Frente a la perspectiva humanista antropocentrada, el Papa Francisco recuerda que todo está interrelacionado. «No está de más insistir en que todo está conectado. El tiempo y el espacio no son independientes entre sí, y ni siquiera los átomos o las partículas subatómicas se pueden considerar por separado. Así como los distintos componentes del planeta –físicos, químicos y biológicos– están relacionados entre sí, también las especies vivas conforman una red que nunca terminamos de reconocer y comprender.
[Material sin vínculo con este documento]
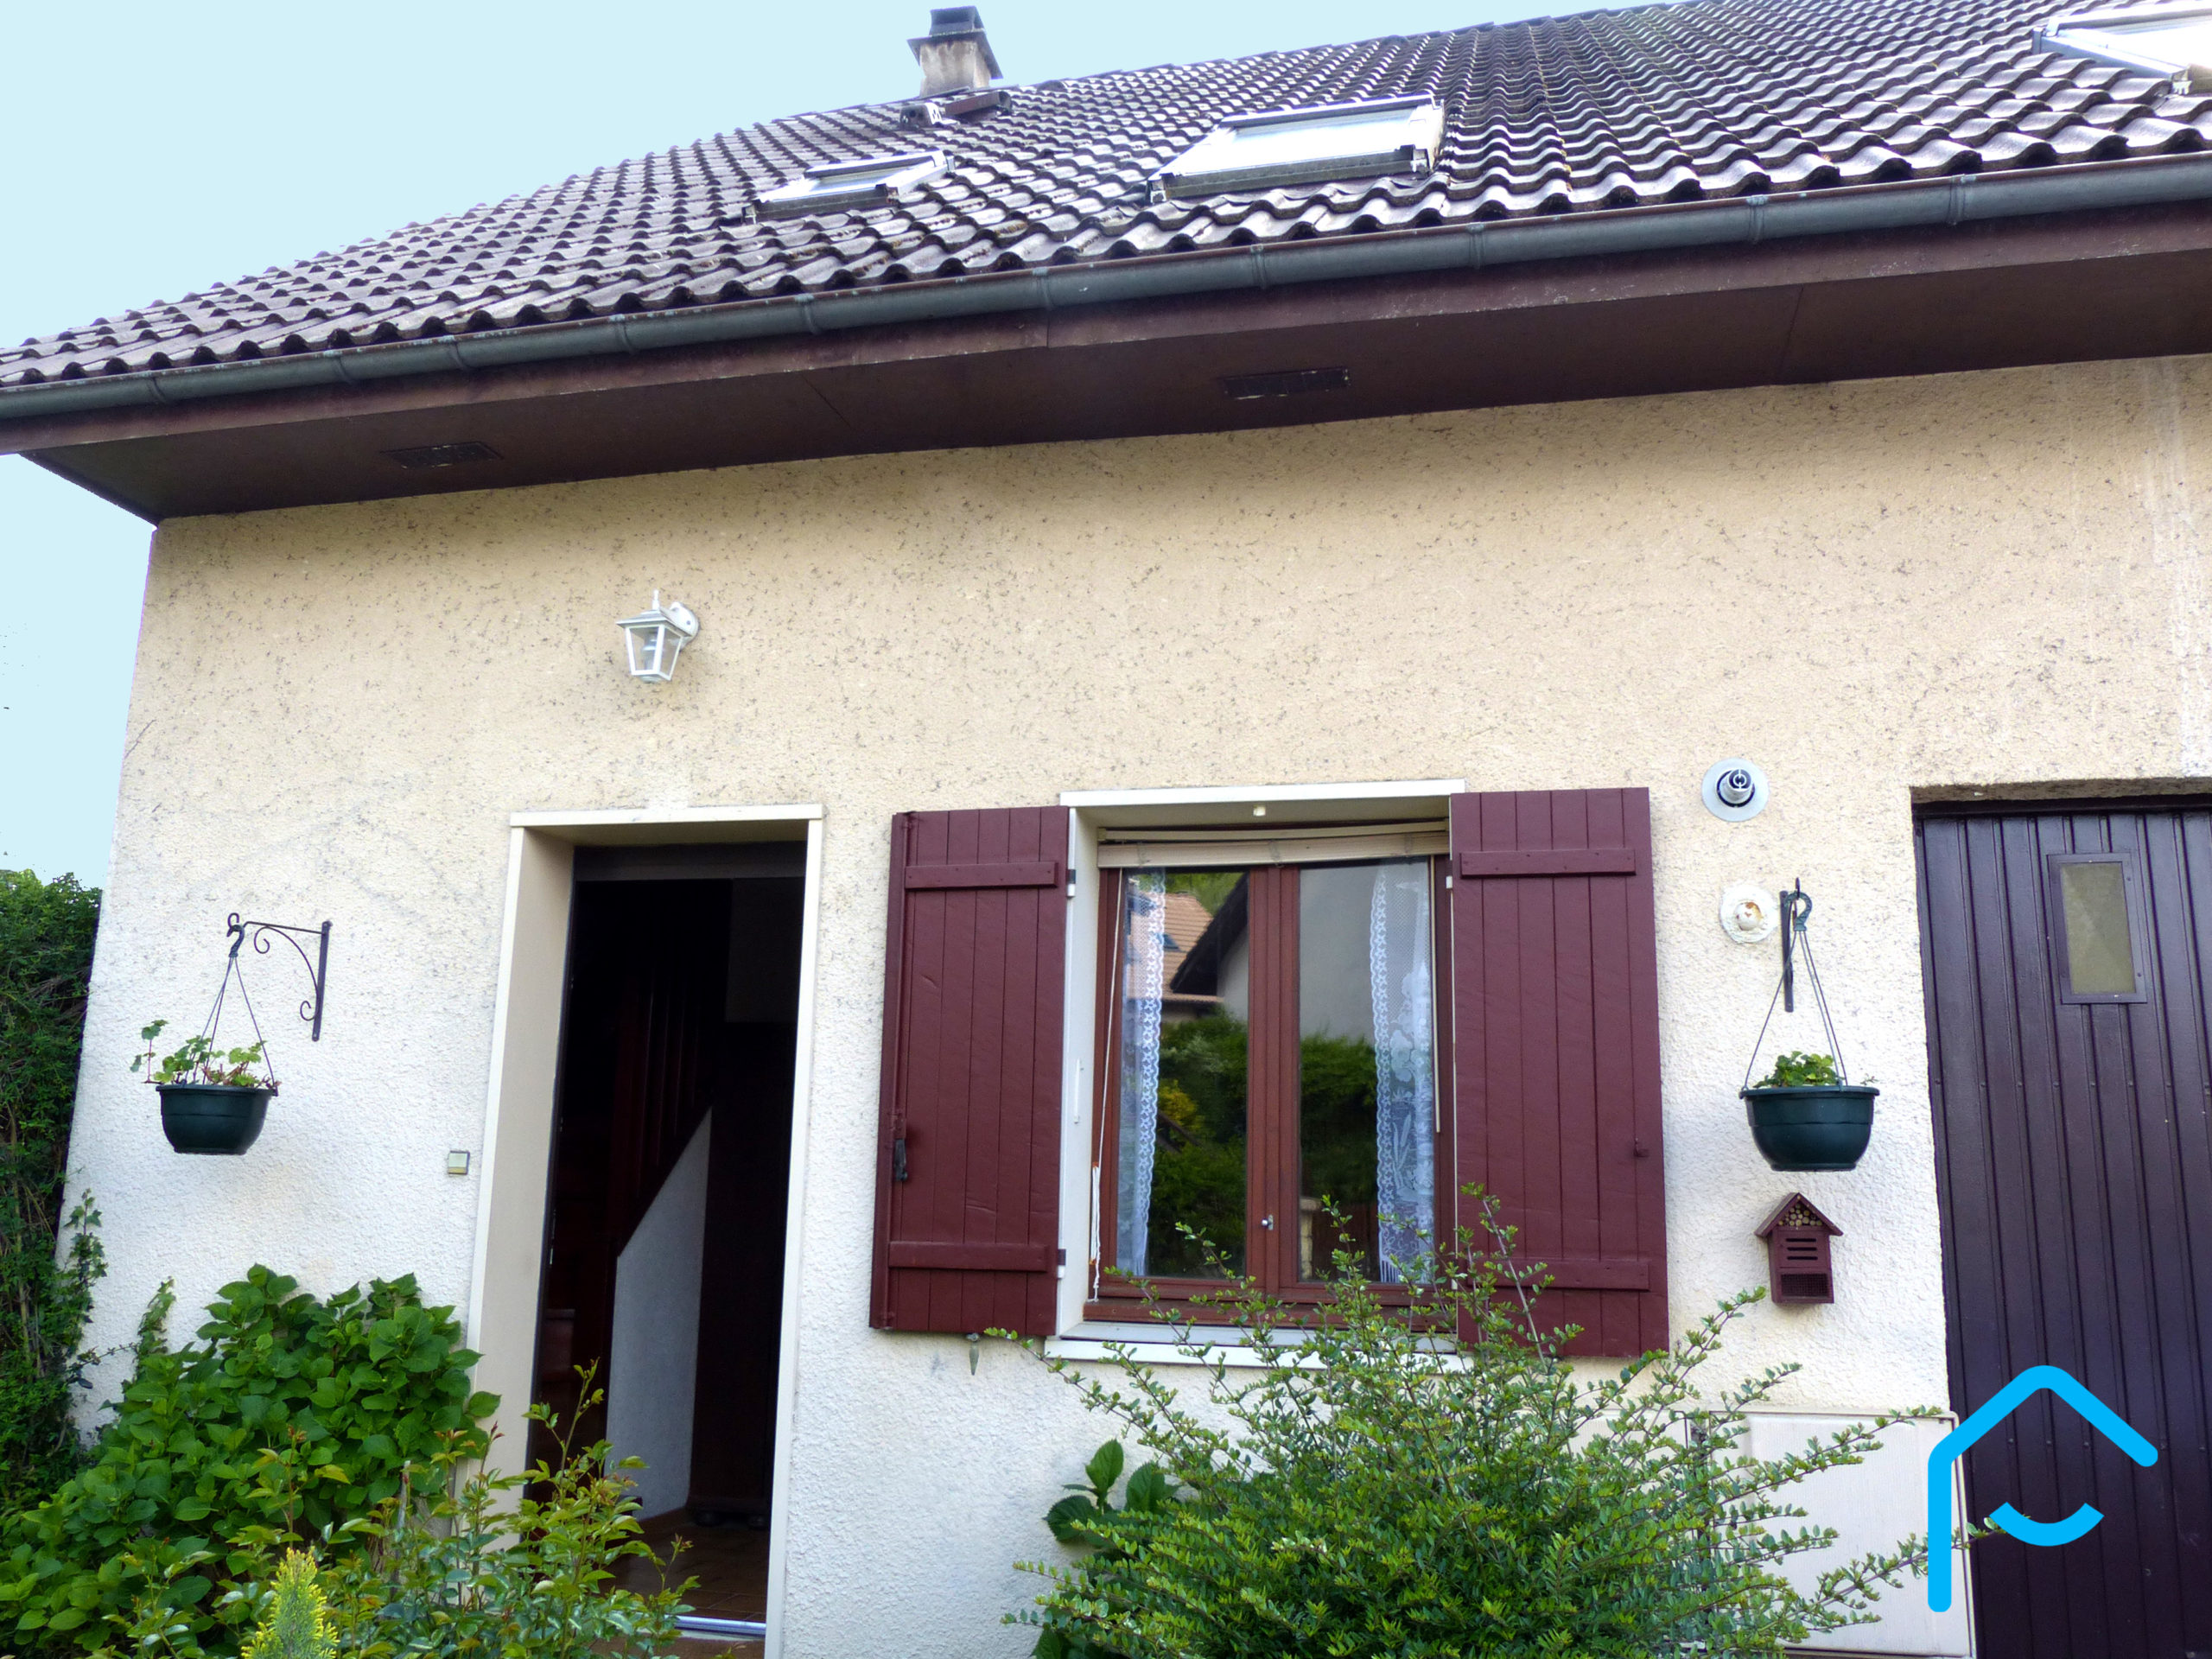 A vendre maison Chambéry Savoie jardin 3 chambres garage vue 5

Buena parte de nuestra información genética se comparte con muchos seres vivos. Por eso, los conocimientos fragmentarios y aislados pueden convertirse en una forma de ignorancia si se resisten a integrarse en una visión más amplia de la realidad» (LlS,138).
Y por eso, añade, los conocimientos fragmentarios y aislados, que no entiendan la Realidad como este todo conectado, pueden convertirse en una forma de ignorancia y, añadimos nosotros, en un auténtico peligro. Este es el verdadero problema. Cambio climático, pérdida de la biodiversidad, cultura de la rapidación (LlS, 18) y cultura del rechazo, problemas de falta de agua, realidades que nos hieren a nosotros como personas, a la tierra como la casa común que habitamos y a Dios como Creador, todo esto son las consecuencias desastrosas y terribles, desde luego, pero consecuencias al fin y al cabo, y por tanto, posteriores a la causa primera: la aceptación acrítica del mito moderno del progreso sin límites.
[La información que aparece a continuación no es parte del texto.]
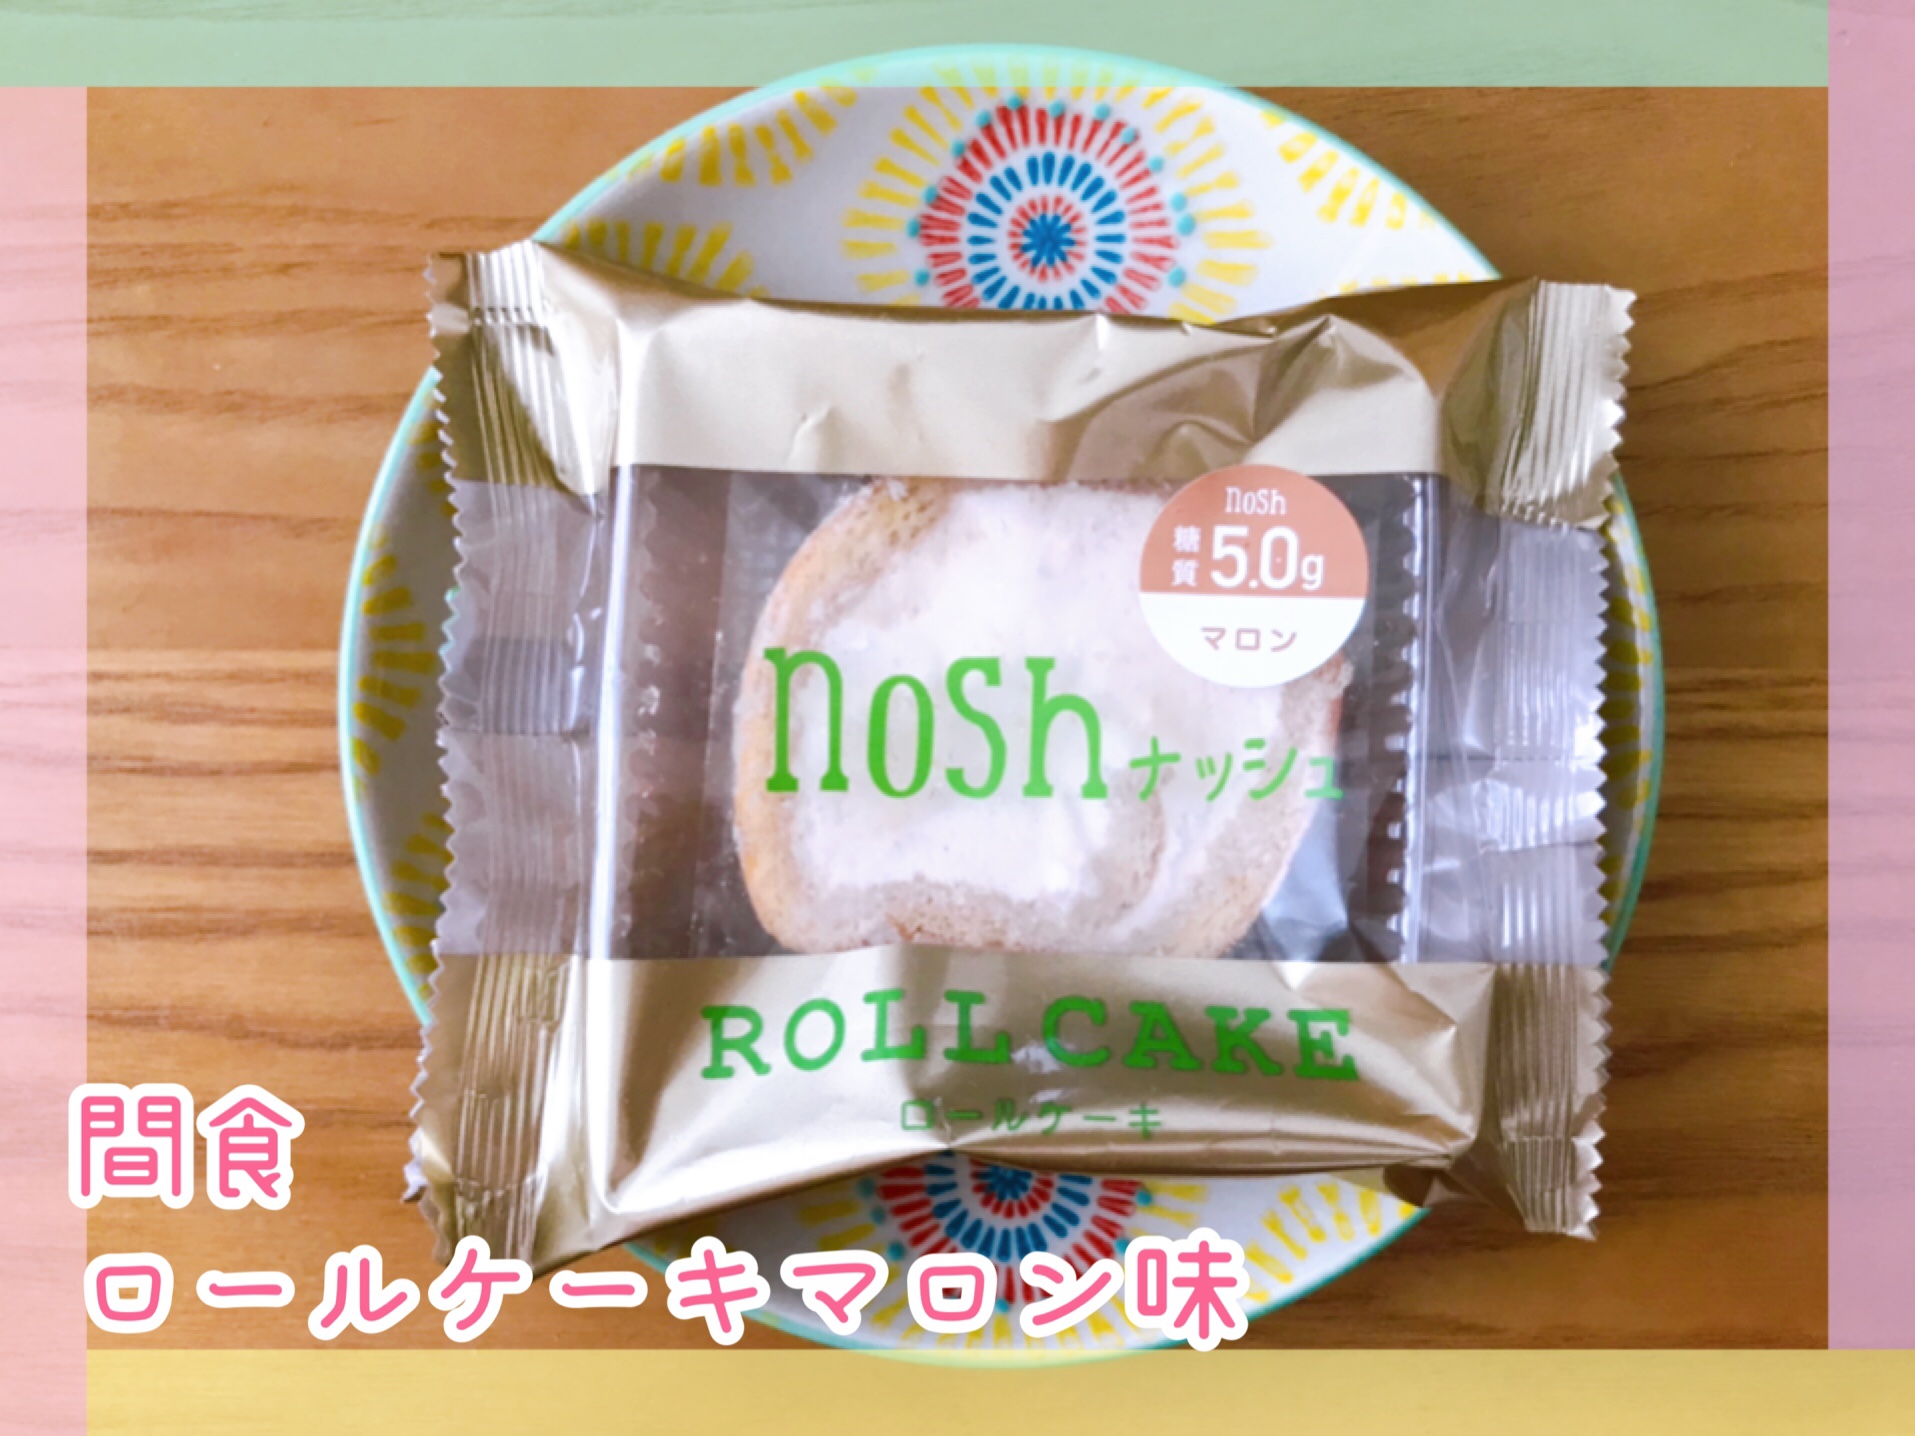 inosh(ナッシュ)ダイエット

¿Necesitamos soluciones? Por supuesto que sí. Pero las soluciones no vendrán ni pueden venir de allá donde vienen los mismos problemas. Como afirma el Papa Francisco, se pretende solucionar con actividad humana los problemas que han sido causados por la misma actividad humana. Hay un exceso de intervención humana en todo, y muy especialmente en el ámbito de la naturaleza. La ciencia moderna fracciona y divide (no se si es casual que la palabra diablo, etimológicamente provenga del griego diabolos, literalmente aquel que separa, que divide, que pone conflicto entre dos partes, algo así como el conflicto que hay entre el hombre moderno y todo lo que le rodea: naturaleza, prójimo, Dios...). Esta misma ciencia que analiza (etimológicamente la palabra análisis es similar a la anterior, pues vendría a ser algo así como descomponer el tot en infinidad de partes), tampoco parece que pueda, metodológicamente, aportar la mejor solución a un problema que únicamente puede ser tratado de manera integral, cosmoteándrica.
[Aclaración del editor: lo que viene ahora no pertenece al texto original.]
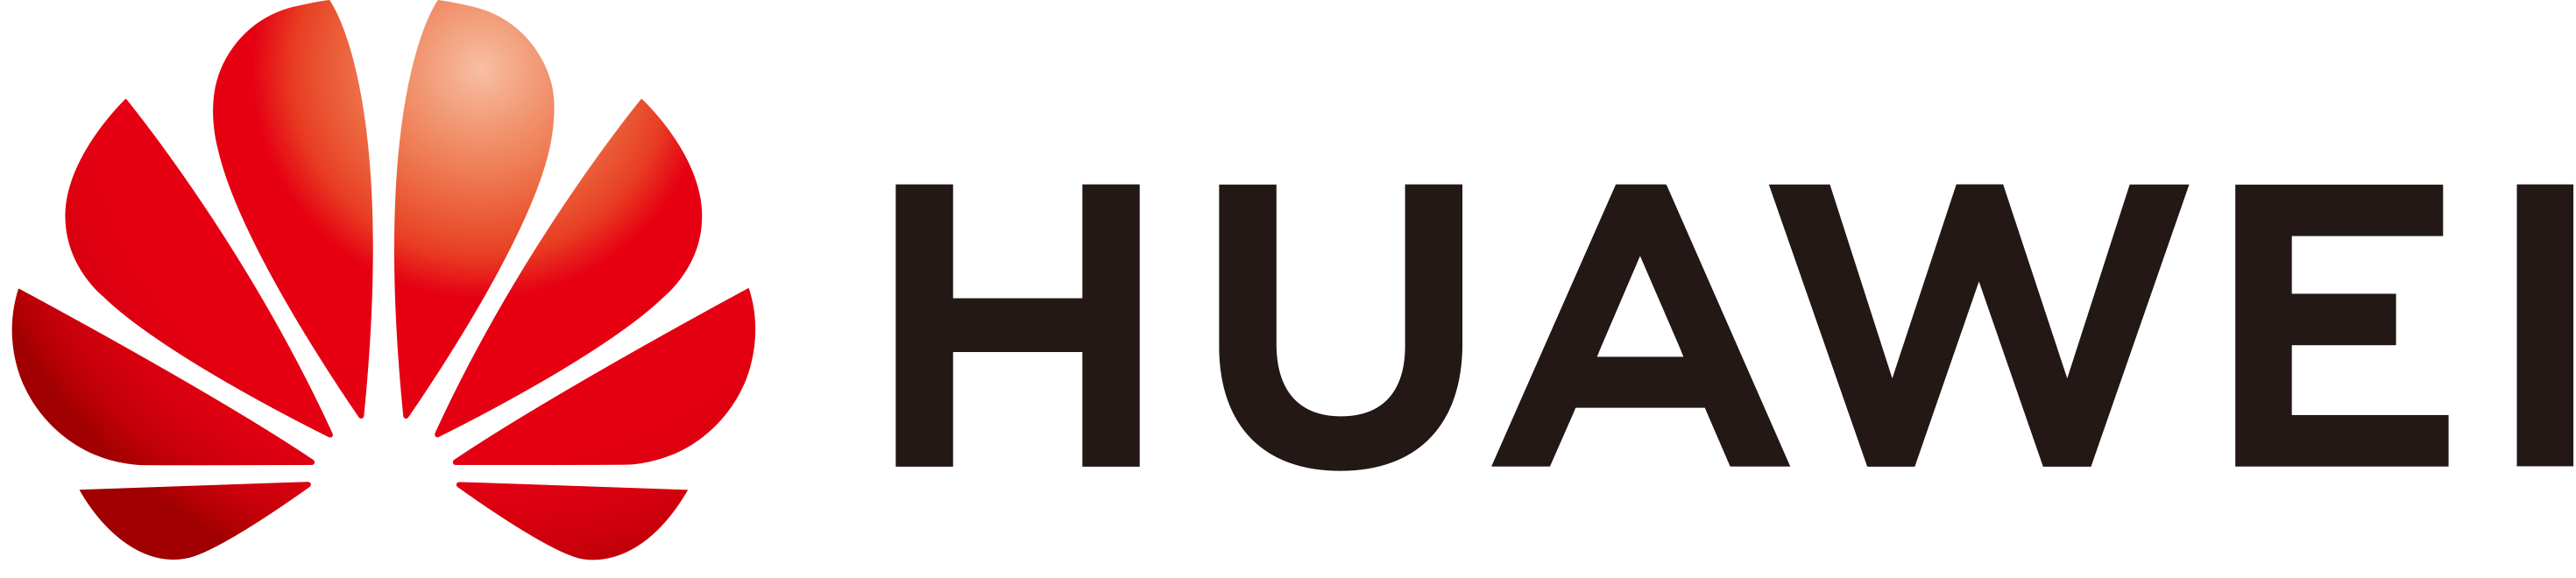 logo Huawei poziom

¿Qué podemos hacer, entonces, además de rezar? La única solución pasaría por resituar al ser humano en su lugar en el mundo, en esa posición intermedia entre Dios y la Creación que es la que le corresponde, siendo conscientes de que no somos ni unos simios desarrollados (mito moderno) ni unos ángeles caidos (visión exclusivamente religiosa), pues cualquiera de estas dos opciones, menoscabaría nuestra parte humana o nuestra parte divina. Es, por tanto, imprescindible, un retorno a la pobreza franciscana (la que proponen el Santo y el Papa) en todos los sentidos, el material y el espiritual. Hemos de hacernos pobres, negarnos en todo aquello que la soberbia del antropocentrismo moderno nos ha hecho creer que poseíamos. Nuestro papel en el mundo ha de volver a ser el de unos jardineros pobres y sencillos que cuidan de la Creación y que colaboran con Dios para mantenerla y perfeccionarla. Sólo eso y a la vez, todo eso. Opción clara y radical: la transformación -metanoia- completa que nos propone Jesucristo en los Evangelios: dejálo todo y sígueme (Mt 10,25). Únicamente así, transformándonos a nosotros mismos radicalmente -es decir, desde la raíz- podremos volver a instaurar las relaciones armoniosas que quizá alguna vez presidieron el mundo.